States are moving ahead on building State Exchanges, but…
Health and Human Services (HHS) Secretary Kathleen Sebelius announced today that the following states have received new grants to establish State Exchanges under the Affordable Care Act:
“We continue to support states as they move forward building an Exchange that works for them,” Secretary Sebelius said. “Thanks to the health care law, Americans will have more health insurance choices and the ability to compare insurance plans.”
According to the press release from HHS, “Today’s awards will give states additional resources and flexibility to establish an Exchange. California, Hawaii, Iowa, and New York today have been awarded Level One Exchange Establishment grants, which provide one year of funding to states that have begun the process of building their Exchange.

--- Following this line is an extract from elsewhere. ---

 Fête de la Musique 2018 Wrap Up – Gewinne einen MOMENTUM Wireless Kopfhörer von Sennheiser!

Connecticut, Maryland, Nevada, and Vermont were awarded Level Two Establishment grants, which are provided to states that are further along in building their Exchange and offers funding over multiple years.”

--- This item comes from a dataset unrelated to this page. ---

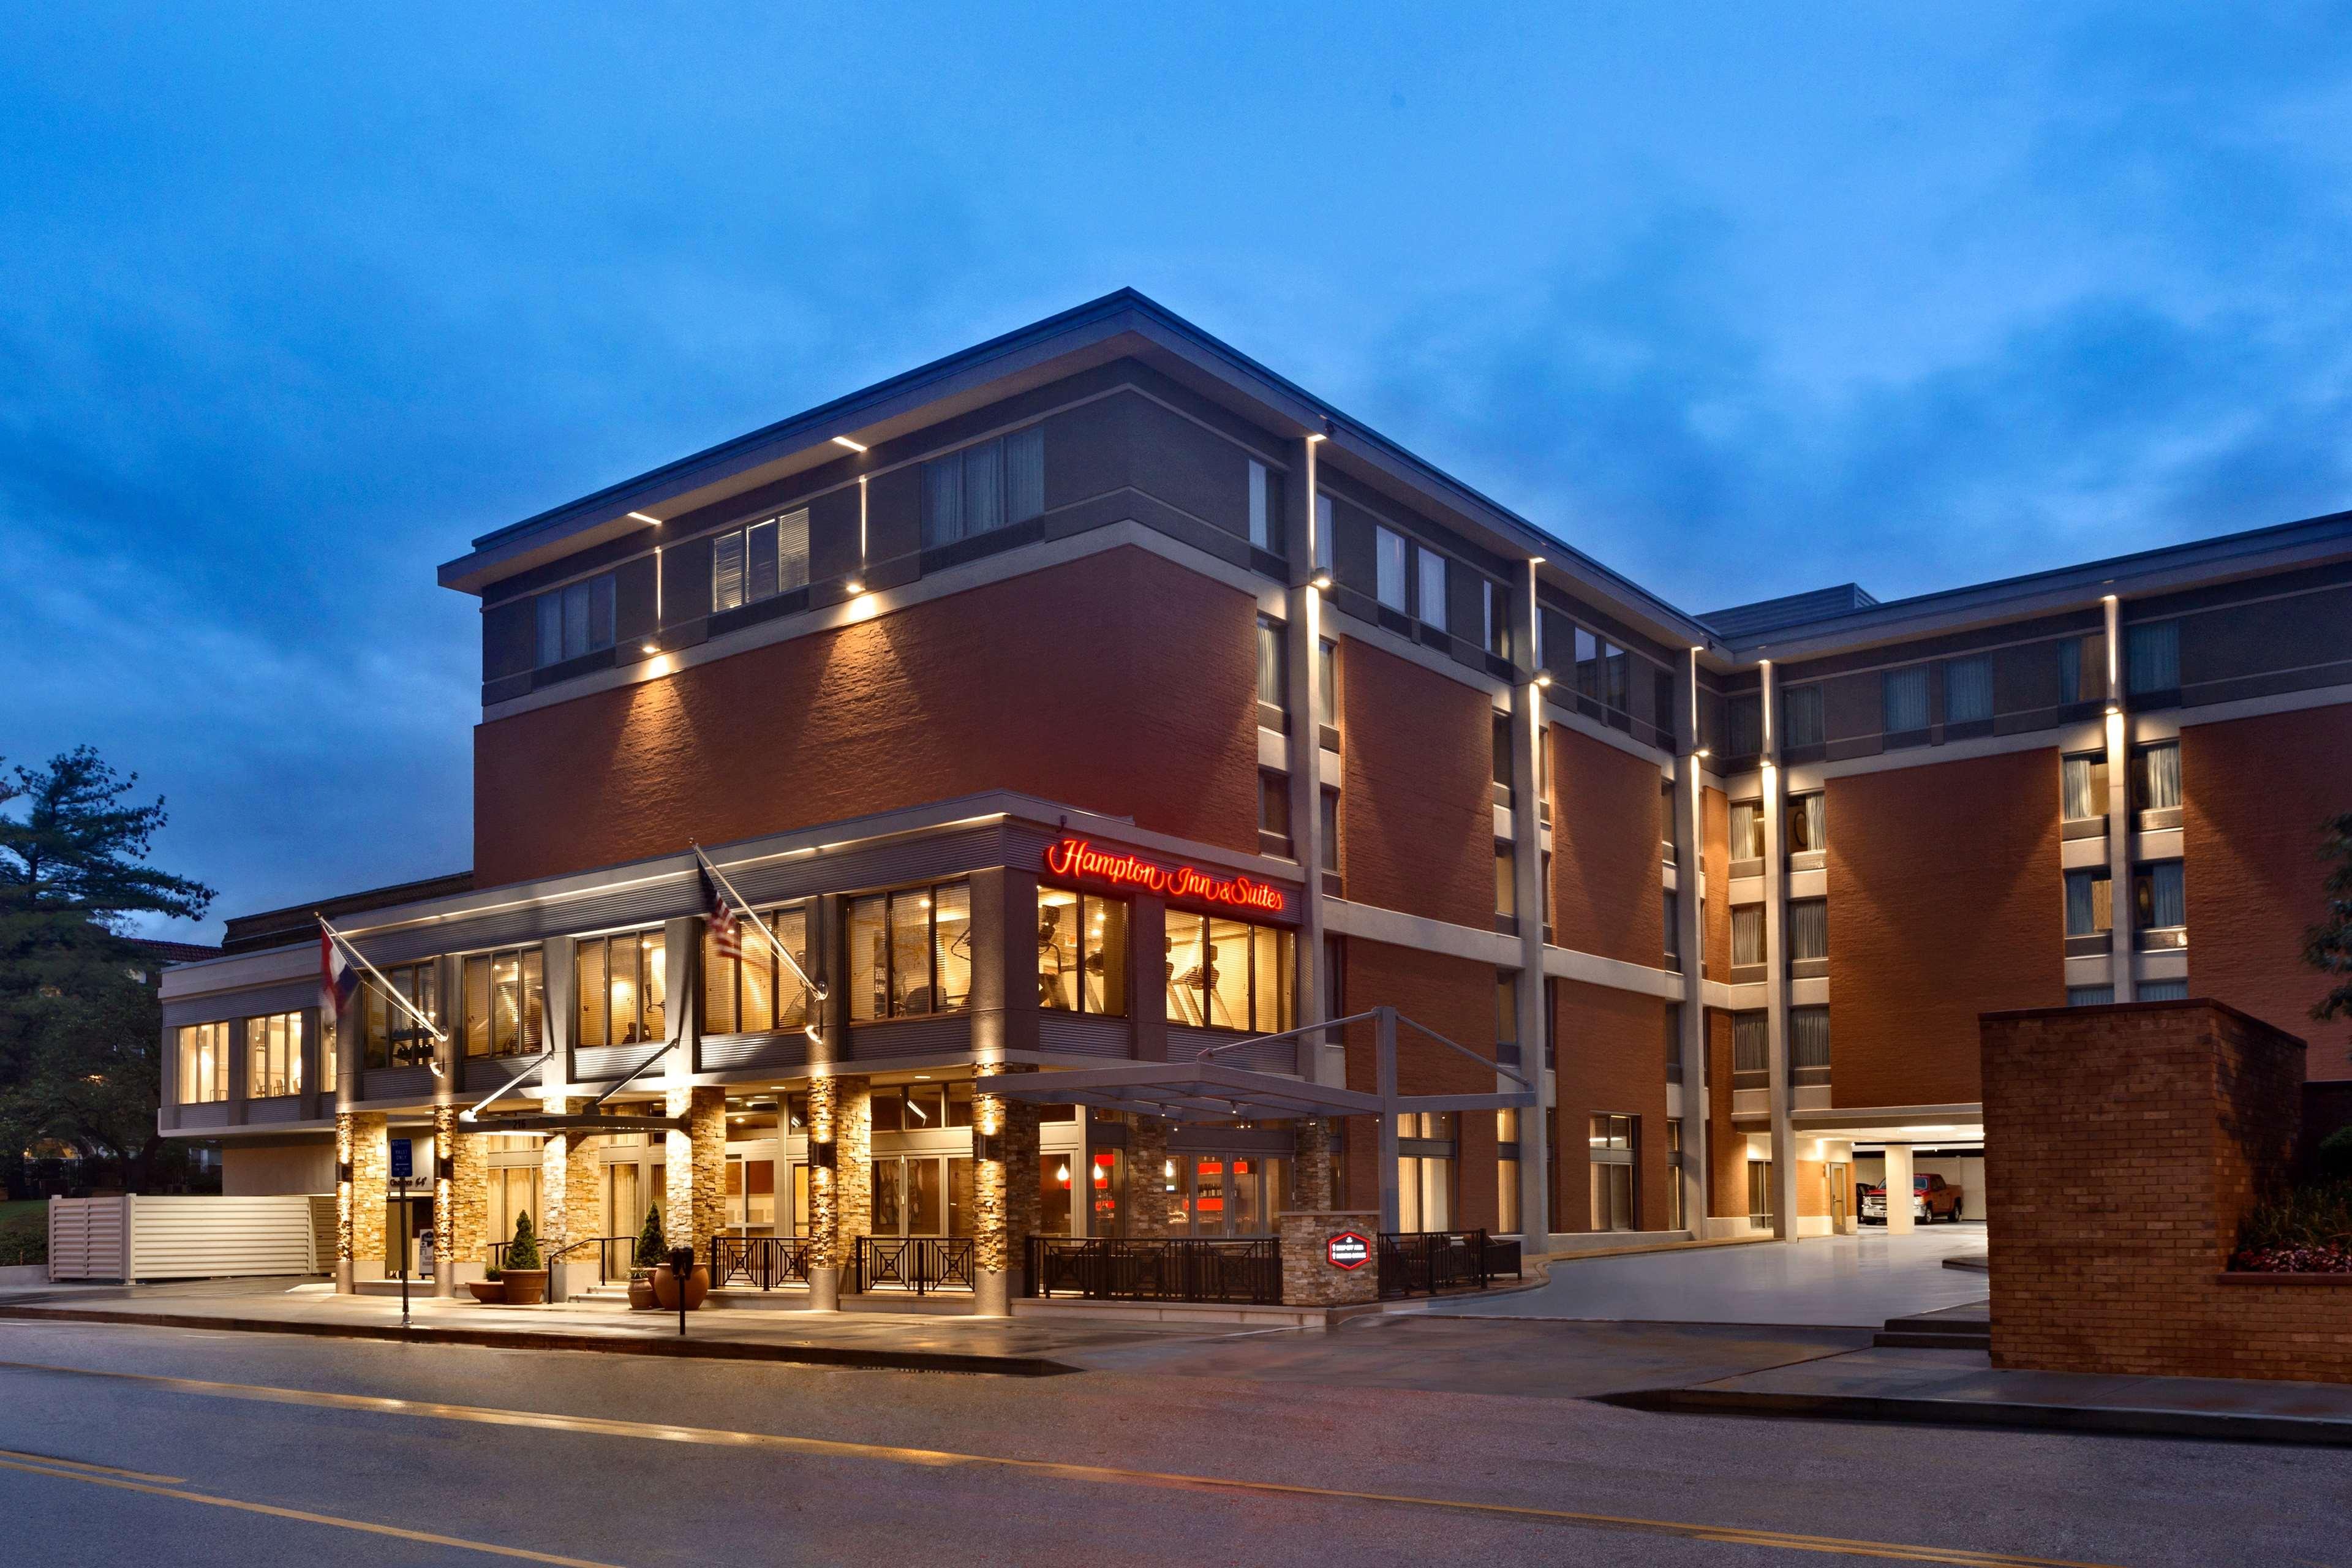 Hampton Inn and Suites Clayton/St Louis-Galleria Area image 0

While more states appear to be at least moving towards establishment of the State Insurance Exchanges, many still are in the beginning stages. According to the Center on Budget and Policy Priorities (CBPP) recent review 14 States have Enacted Legislation or have an Executive Order to establish State Exchanges. However the majority of states are still not close to enacting legislation to establish the State Exchanges. Some have legislation pending (6), have had legislation that failed, has been withdrawn, expired or vetoed (27) or flat out declined to set up an exchange at all (6).

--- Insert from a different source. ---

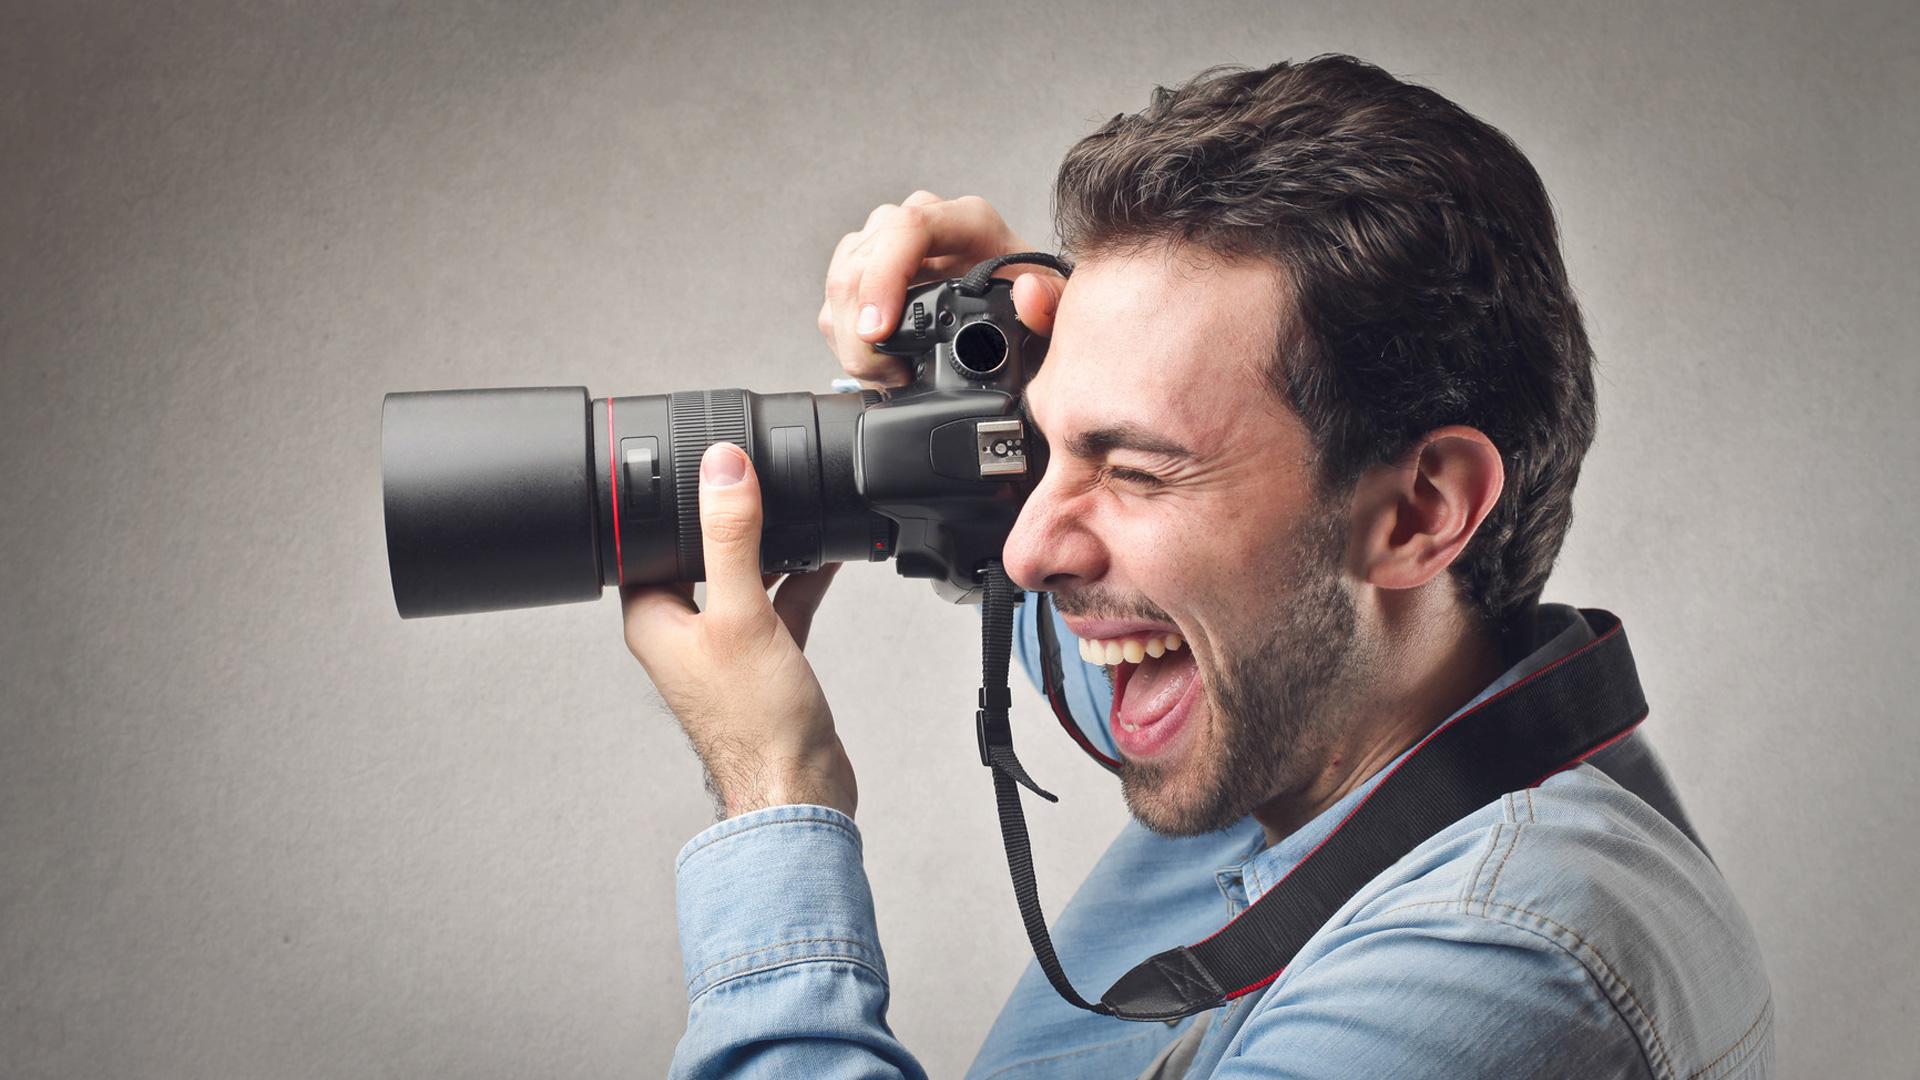 Video Boyutu Nasıl Küçültülür? Kalite Kaybı Olmadan Video Boyutu Küçültme!

So what does this mean to employers?
It makes planning and getting procedures in place to coordinate with State Exchanges more difficult. For small employers who may decide to not offer health insurance coverage and let their employees go into a State Exchange or who may even want to purchase health insurance coverage through the exchanges may have to wait past 2014. Unless the Federal Government steps in to develop the exchange, which is possible but with so many states still in the planning and legislative stages this may be difficult to pull off by 2014.
The problem is, the other aspects of the Affordable Care Act, such as Individual Mandates and Employer Penalties may go into affect while a main component of PPACA has not been fully established. The CBPP has provided a list of states and the status of the legislation for each. Employers will need to keep an eye on the state(s) that impact them to determine the best course of action going forward.
How do the state exchanges affect your overall planning for Health Care Reform?